In Fig. 1 a, the free energy as a function of the reaction coordinate for biased and an unbiased simulations at a chosen Q* = 20 is shown. The biased and unbiased simulations produce similar values of the diffusion coefficient for K < 0.1 (as shown in Fig. 1 b), calculated by D = ΔQ(T)^{2}/τ(T), which means that the calculated value of the fluctuations ΔQ(T)^{2} (which is smaller than the unbiased case) scales in a similar manner to that of τ_{corr}(T) (also smaller than the unbiased case). It is not possible to ascertain whether this will happen in the entire range; nevertheless, we will make this assumption.
We also see from Fig. 1 b that the estimation of diffusion coefficient will be influenced significantly by K when K > 0.1. It clearly is shown that for Q = 10, where the free energy already is quasiharmonic, the diffusion coefficient D is nearly independent of K until K = 0.2. But for Q = 20, in the region where the free energy does not have a quasiharmonic shape, the value of K should be at most equal to 0.1. This value may be enough, according to Fig. 1 a. For higher values, the conformational space is reduced drastically by the force constant, constraining the reaction coordinate Q to be approximately Q = 20, which severely reduces the value of ΔQ(T)^{2} and thus the estimation of diffusion coefficient D.

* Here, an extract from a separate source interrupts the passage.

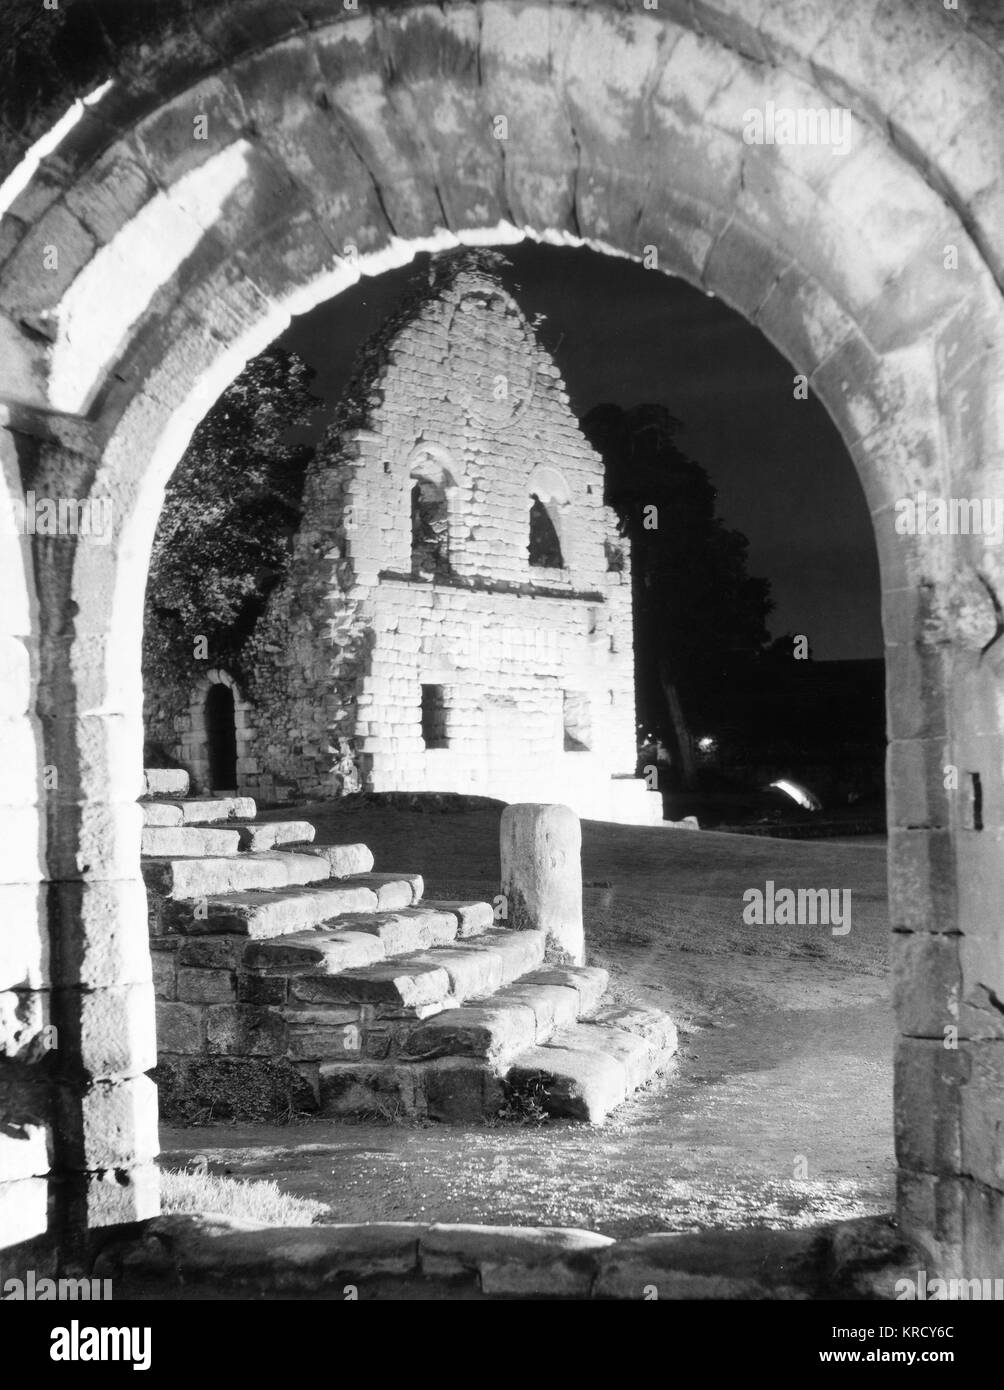 Night study of the floodlit Guest House and Monks' Day Stairs of f Fountains Abbey, Yorkshire, England, a Cistercian abbey, founded in 1132. Stock Photo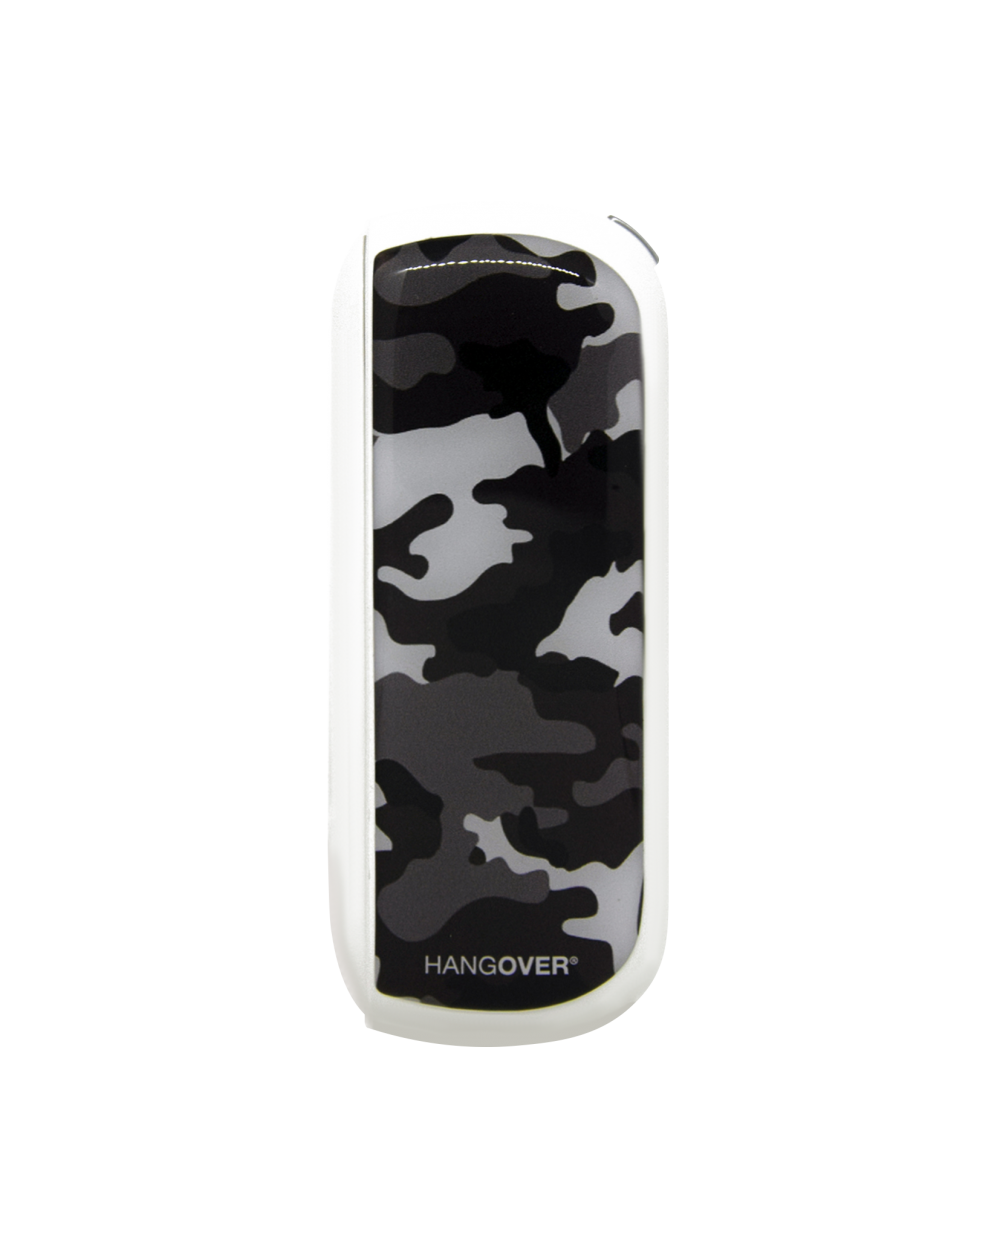 Military Black Hangover Cover Smartskin In Special Resin For Iqos 3

Fig. 2 a shows the correlation function for three different values of < Q >. It decreases slower, i.e., with a higher correlation time τ(T), as < Q > increases. Because ΔQ(T)^{2} changes moderately with Q (increase up to certain point) (Fig. 2 b), it is implied that D = ΔQ(T)^{2}/τ(T) decreases as Q increases. The configurational dependence of the diffusion coefficient was expected from the earlier analytical studies of Bryngelson and Wolynes (2) as well as Monte Carlo studies of Socci, Onuchic, and Wolynes (36).
Fig. 3 a shows the diffusion coefficient as function of Q (horizontal axis) and the mean value of Z, the number of any contact between monomers (right axis). When Z becomes large, the system becomes more compact. Two regimes of hydrophobicity are shown. The high hydrophobic limit is characterized by an overall attraction between monomers toward the native state, which induces a collapse before folding (52). In the low hydrophobic limit, the interaction parameters are such that there is no overall biased interaction between monomers toward the folded state. In this case, folding is not preceded by a collapse; instead, they occur simultaneously.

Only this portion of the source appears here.